Using cut, sort, and unique to explore data with bash

August 6, 2020 • PD Schloss • 5 min read • •

A lot of bioinformatics is getting data from one format to another. Sometimes that conversion can be pretty sophisticated and other times it can be pretty simple. For example, I have a file with a bunch of aligned sequences and I want to know how many times each sequence occurs in each genome. I know that the header for each sequence in my FASTA file has the information I need to know which genome the sequence comes from, but I don’t know which field it is. To figure this out, I’m going to use some of my favorite tools to help me. These tools will include grep, which we saw in the last episode, as well as cut, sort, and uniq.

Much of what we’ll do today you could also do in R or Python. However, using these bash commands will allow me to get to my answer in a single line of code, whereas R or Python will require a lot more effort. The cut command “cuts” text out of a line based on how we define different regions of the line.
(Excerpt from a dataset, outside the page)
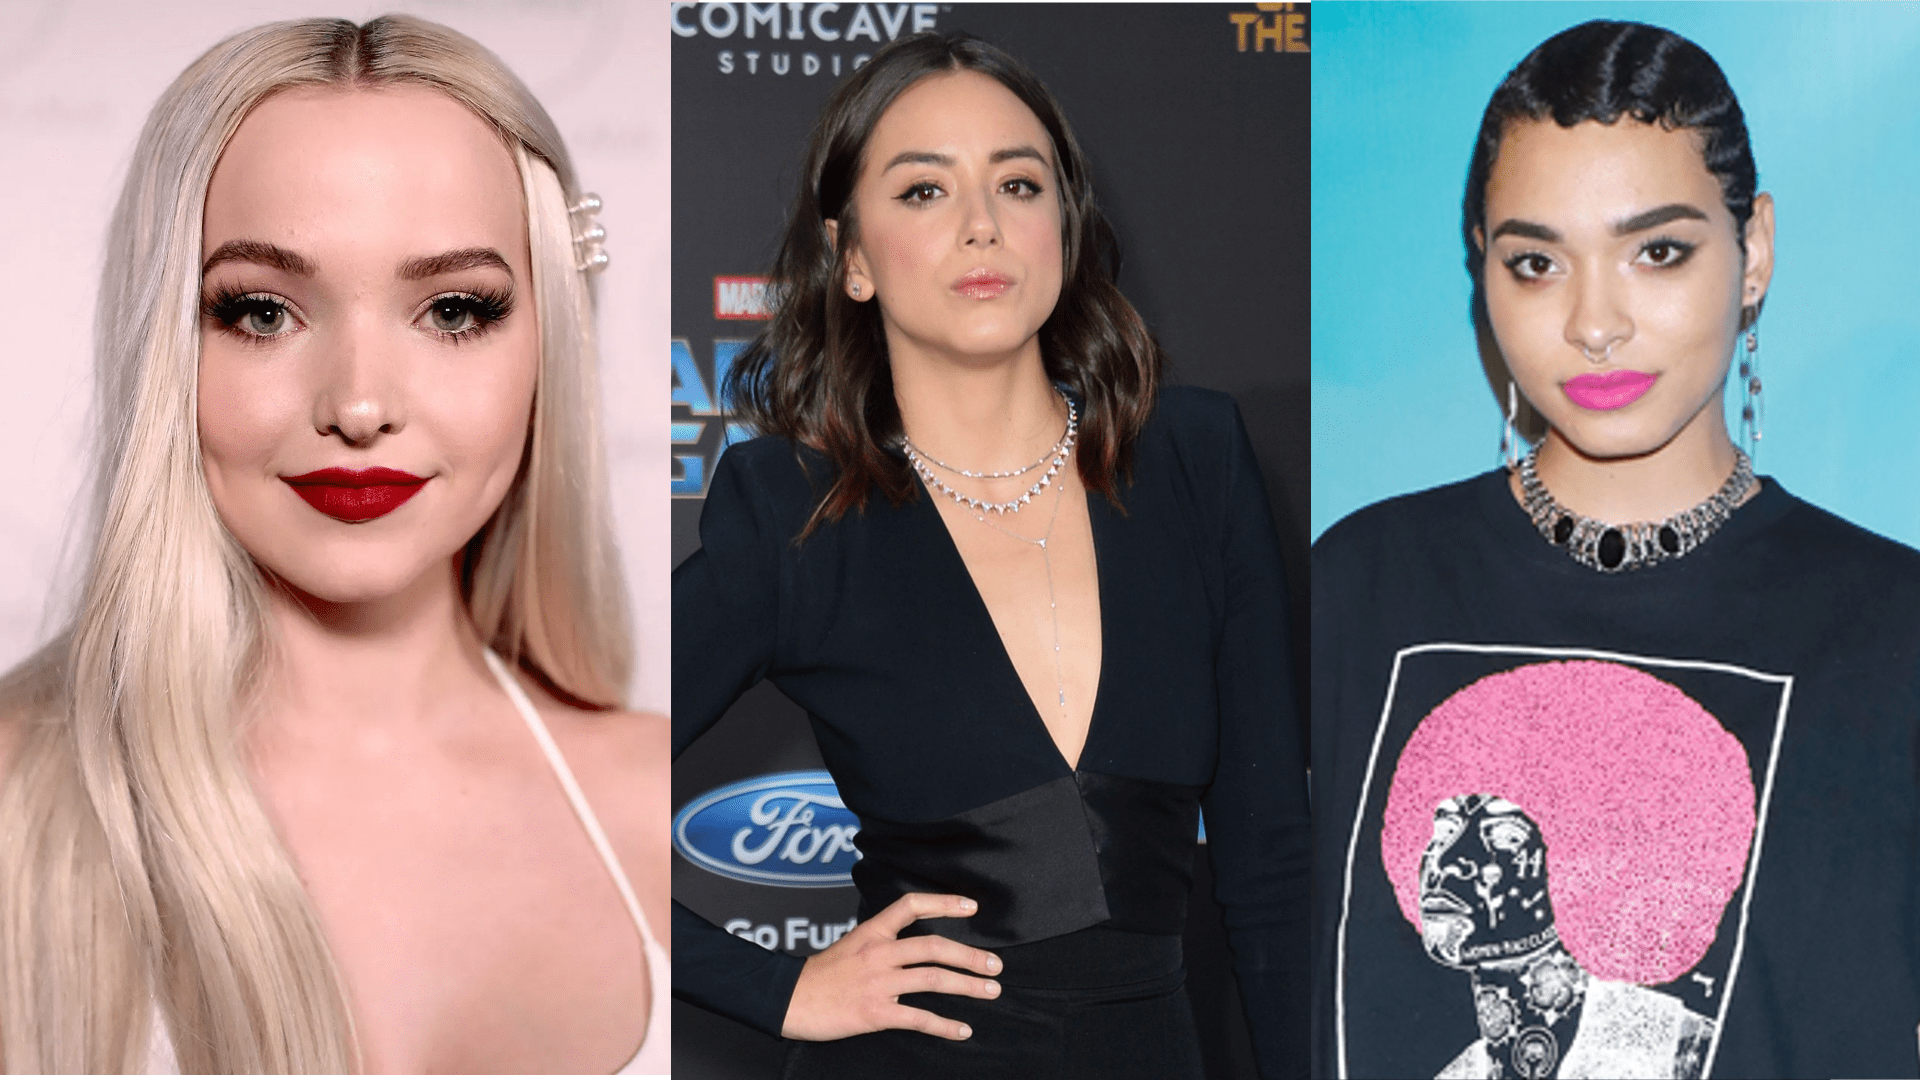 CW’s Powerpuff Girls “Sequel” Casts Leads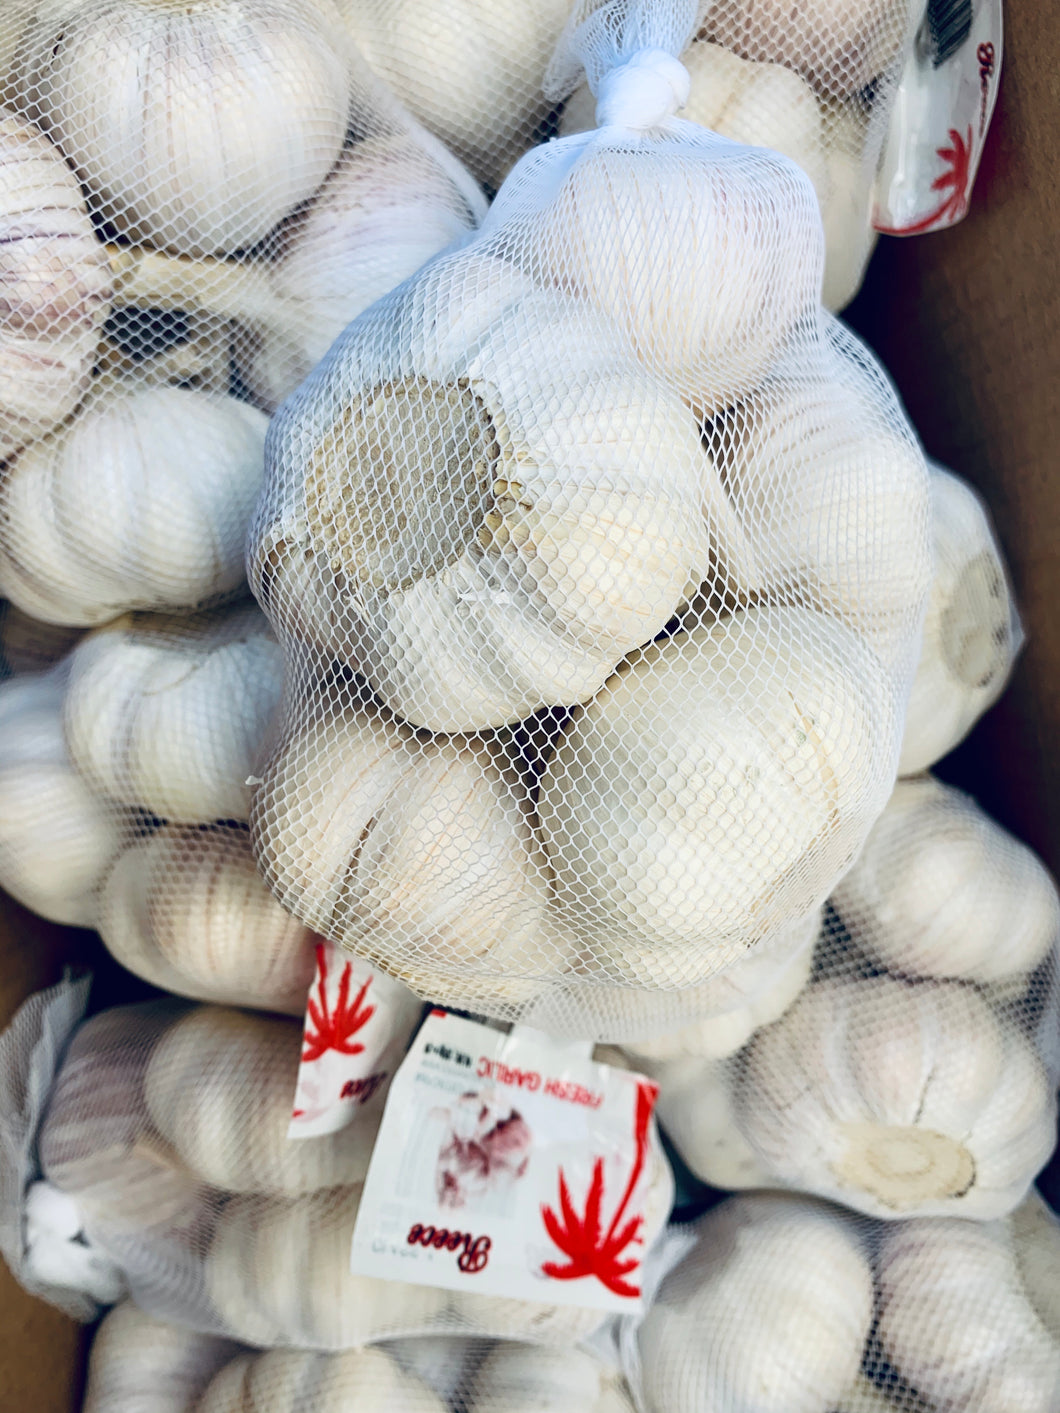 Garlic net - 400g

For example, we’ve seen that the header lines start with the genus and species name of the organism that was sequenced. We previously put an underscore (i.e. _) between the genus and species names. We can use cut to extract the genus name by pulling out anything that occurs before the underscore. The sort command sorts the lines we give the command. We can also sort lines based on specific fields within the line. For example, we could sort header lines based on the GenBank RefSeq accession number. Finally, the uniq function deconvolutes a set of lines to return the unique lines. We can also ask it to count the number of times each line occurred in the original set of lines. Hopefully, you can see from my description of these three commands that we could count the number of genera represented in the dataset, the number of 16S rRNA gene copies per genome, or numerous other questions about our data.

We’ll use these commands to help us figure out which bit of information between the pipe characters corresponds to a unique identifier for each genome. This will allow us to use mothur’s count.seqs function to count the number of times each unique 16S rRNA gene sequence appears in each genome and the number of times it appears in more distantly related genomes. If we can generate this information, we can use it to quantify how specific an amplicon sequence variant or ASV is to a genome, species, genus, or any other taxonomic level.

Even if you’re only watching this video to learn more about bash commands and don’t know what a 16S rRNA gene is, I’m sure you’ll get a lot out of today’s video. Please take the time to follow along on your own computer and attempt the exercises. Don’t worry if you aren’t sure how to solve the exercises, at the end of the video I will provide solutions. If you haven’t been following along but would like to, please check out the notes below where you’ll find instructions on catching up, reference notes, and links to supplemental material. You can find my version of the project on GitHub.

Important things to remember

Common `cut` arguments

-f: which field you want
-d: the delimiter used to define fields

Common `sort` arguments

-n: numerical sort
-r: reverse sort
-k: which field to sort on
-t: the delimiter to define fields based on (default is a space character)

Common `uniq` arguments

default: return the unique lines
-c: the number of times each unique line appears

Installations

If you haven’t been following along, you can get caught up by doing the following:

(windows) Install the Ubuntu Linux BASH shell for Windows 10

(mac) Install homebrew and wget

  /usr/bin/ruby -e "$(curl -fsSL https://raw.githubusercontent.com/Homebrew/install/master/install)"
  brew install wget

To get to where we are at the beginning of this episode (you won’t have the same issue numbers at Pat)…
- Set up a GitHub account
- Create a new GitHub repository
  - Call it “Schloss_rrnAnalysis_XXXX_2020” (feel free to use your own last name)
  - Make it Public
  - Don’t check the box next to “Initialize this repository with a README”
  - Click the green “Create repository” button
- Go to your command line and enter the following replacing <your_github_id> with your GitHub user id
```
git clone git@github.com:SchlossLab/Schloss_rrnAnalysis_mSphere_2020.git
cd Schloss_rrnAnalysis_XXXX_2020
git reset --hard 77e314f5
git remote set-url origin git@github.com:<your_github_id>/Schloss_rrnAnalysis_XXXX_2020.git
git push -u origin master  
```
- Return to GitHub and refresh your browser
- Within Schloss_rrnAnalysis_XXXX_2020/ run
```
make data/v19/rrnDB.align
make data/v4/rrnDB.align
```
- Then you should now be good to go

Exercises

1. How many genomes are in the rrnDB archive that are from the Thermus?

2. Which organism has the most copies of the 16S rRNA gene per genome?

3. After the species coli, which Escherichia species has the most genomes represented in the rrnDB?